Stadion Aleksandar Shalamanov
- Interactive map of Stadion Aleksandar Shalamanov
- Full name: Stadion Aleksandar Shalamanov
- Former names: Slavia Stadium (1958–2021)
- Location: Sofia, Bulgaria
- Coordinates: 42°40′31″N 23°16′19″E﻿ / ﻿42.67528°N 23.27194°E
- Owner: Slavia Sofia
- Operator: Slavia Sofia
- Capacity: 25,000
- Surface: Grass
- Field size: 105 X 68

Construction
- Built: 1958

Tenants
- Slavia Sofia (1932–present) Bulgaria U21 (2009–present)

= Stadion Aleksandar Shalamanov =

Sport stadium in Sofia, Bulgaria

Stadion Aleksandar Shalamanov (Стадион „Александър Шаламанов“) is a multi-purpose stadium in the Slavia district of Sofia, Bulgaria named after the football legend Aleksandar Shalamanov. It is currently used for football matches and is the home ground of the local football club PFC Slavia Sofia. The stadium has a seating capacity of 25,000 and is one of the biggest sport facilities in Bulgaria.

The stadium is part of a multifunctional sport complex, which includes two football training grounds, one multi-purpose indoor hall and an ice-hockey arena with a capacity of 2,000 spectators.

Also, as of 2009, the Bulgaria national under-21 football team plays some of its home matches at this stadium.
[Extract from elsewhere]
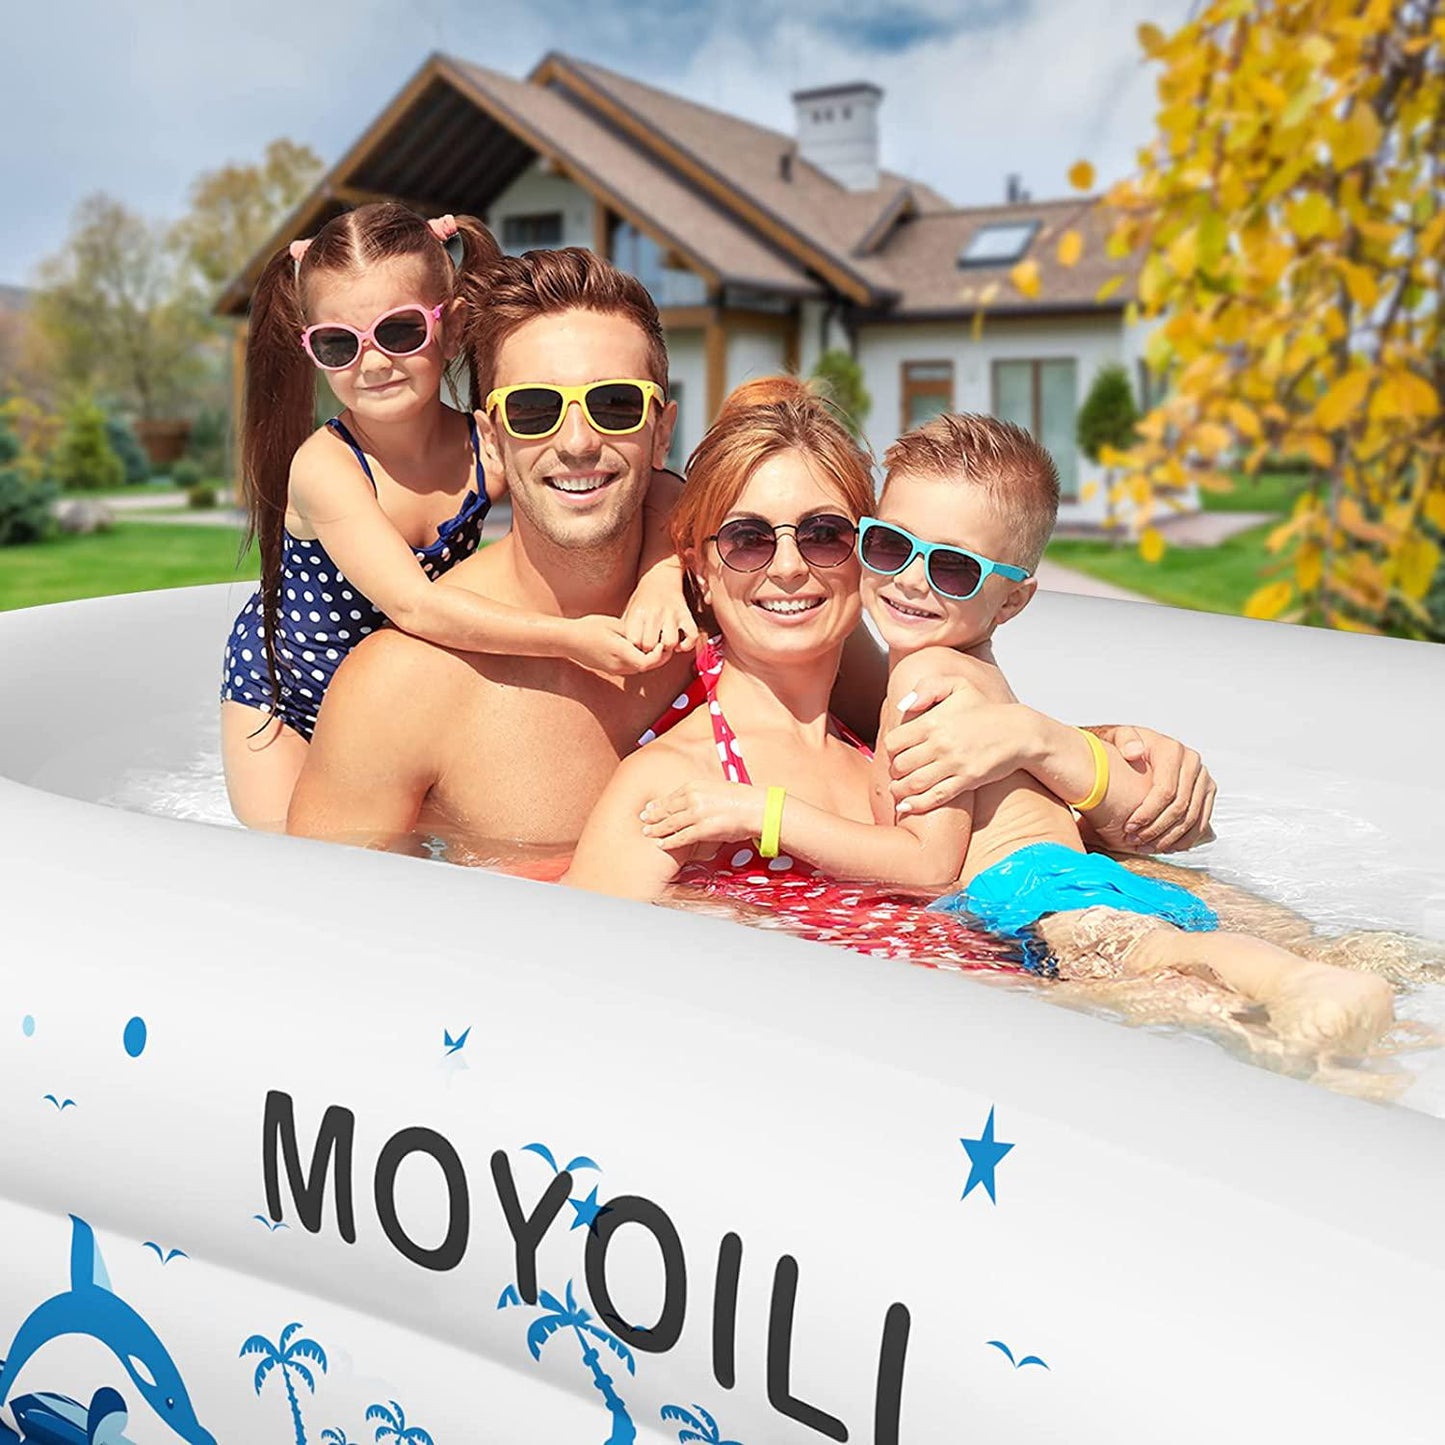 Minosoo Inflatable Pool, 130 x 72 x 22 Inflatable Pool for Adults and Kids with Seat, Drink Holder Full Sized Family Blow Up Swimming Kiddie Pool

On 26 October 2021, a day after Slavia's legend Aleksandar Shalamanov died, the team announced that the stadium would be renamed in his honour and would take the name Aleksandar Shalamanov Stadium.

==Old Slavia Stadium==
The original home ground of Slavia was located just to the northwest of Ruski Pametnik near the center of Sofia. It was built in the mid-1920s and demolished in the late 1940s.